## [To do]
Print all the records exactly as they stand.

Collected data
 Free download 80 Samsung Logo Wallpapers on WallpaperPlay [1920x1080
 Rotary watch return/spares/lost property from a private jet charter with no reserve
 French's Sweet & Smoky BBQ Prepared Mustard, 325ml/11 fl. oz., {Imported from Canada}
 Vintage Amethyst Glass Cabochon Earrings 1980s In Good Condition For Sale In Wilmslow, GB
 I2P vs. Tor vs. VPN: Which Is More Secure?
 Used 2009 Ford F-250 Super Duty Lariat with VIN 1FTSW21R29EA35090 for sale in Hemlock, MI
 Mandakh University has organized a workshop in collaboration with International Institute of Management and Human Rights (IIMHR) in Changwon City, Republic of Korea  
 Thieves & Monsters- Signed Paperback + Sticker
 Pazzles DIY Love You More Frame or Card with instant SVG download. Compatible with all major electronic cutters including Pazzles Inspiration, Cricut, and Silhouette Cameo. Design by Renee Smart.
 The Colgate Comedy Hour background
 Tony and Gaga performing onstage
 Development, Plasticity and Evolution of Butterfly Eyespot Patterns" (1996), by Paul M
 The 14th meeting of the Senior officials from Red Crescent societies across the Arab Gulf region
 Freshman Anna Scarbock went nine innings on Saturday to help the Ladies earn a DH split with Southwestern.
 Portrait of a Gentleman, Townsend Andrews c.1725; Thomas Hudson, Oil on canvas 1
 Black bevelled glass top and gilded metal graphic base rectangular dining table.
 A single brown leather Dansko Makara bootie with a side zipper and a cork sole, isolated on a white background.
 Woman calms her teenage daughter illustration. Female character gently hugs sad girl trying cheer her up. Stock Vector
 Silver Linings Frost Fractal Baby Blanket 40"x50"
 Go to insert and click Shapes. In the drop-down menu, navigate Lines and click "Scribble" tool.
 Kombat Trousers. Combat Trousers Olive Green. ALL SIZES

## [Output of the task]
 Free download 80 Samsung Logo Wallpapers on WallpaperPlay [1920x1080
 Rotary watch return/spares/lost property from a private jet charter with no reserve
 French's Sweet & Smoky BBQ Prepared Mustard, 325ml/11 fl. oz., {Imported from Canada}
 Vintage Amethyst Glass Cabochon Earrings 1980s In Good Condition For Sale In Wilmslow, GB
 I2P vs. Tor vs. VPN: Which Is More Secure?
 Used 2009 Ford F-250 Super Duty Lariat with VIN 1FTSW21R29EA35090 for sale in Hemlock, MI
 Mandakh University has organized a workshop in collaboration with International Institute of Management and Human Rights (IIMHR) in Changwon City, Republic of Korea  
 Thieves & Monsters- Signed Paperback + Sticker
 Pazzles DIY Love You More Frame or Card with instant SVG download. Compatible with all major electronic cutters including Pazzles Inspiration, Cricut, and Silhouette Cameo. Design by Renee Smart.
 The Colgate Comedy Hour background
 Tony and Gaga performing onstage
 Development, Plasticity and Evolution of Butterfly Eyespot Patterns" (1996), by Paul M
 The 14th meeting of the Senior officials from Red Crescent societies across the Arab Gulf region
 Freshman Anna Scarbock went nine innings on Saturday to help the Ladies earn a DH split with Southwestern.
 Portrait of a Gentleman, Townsend Andrews c.1725; Thomas Hudson, Oil on canvas 1
 Black bevelled glass top and gilded metal graphic base rectangular dining table.
 A single brown leather Dansko Makara bootie with a side zipper and a cork sole, isolated on a white background.
 Woman calms her teenage daughter illustration. Female character gently hugs sad girl trying cheer her up. Stock Vector
 Silver Linings Frost Fractal Baby Blanket 40"x50"
 Go to insert and click Shapes. In the drop-down menu, navigate Lines and click "Scribble" tool.
 Kombat Trousers. Combat Trousers Olive Green. ALL SIZES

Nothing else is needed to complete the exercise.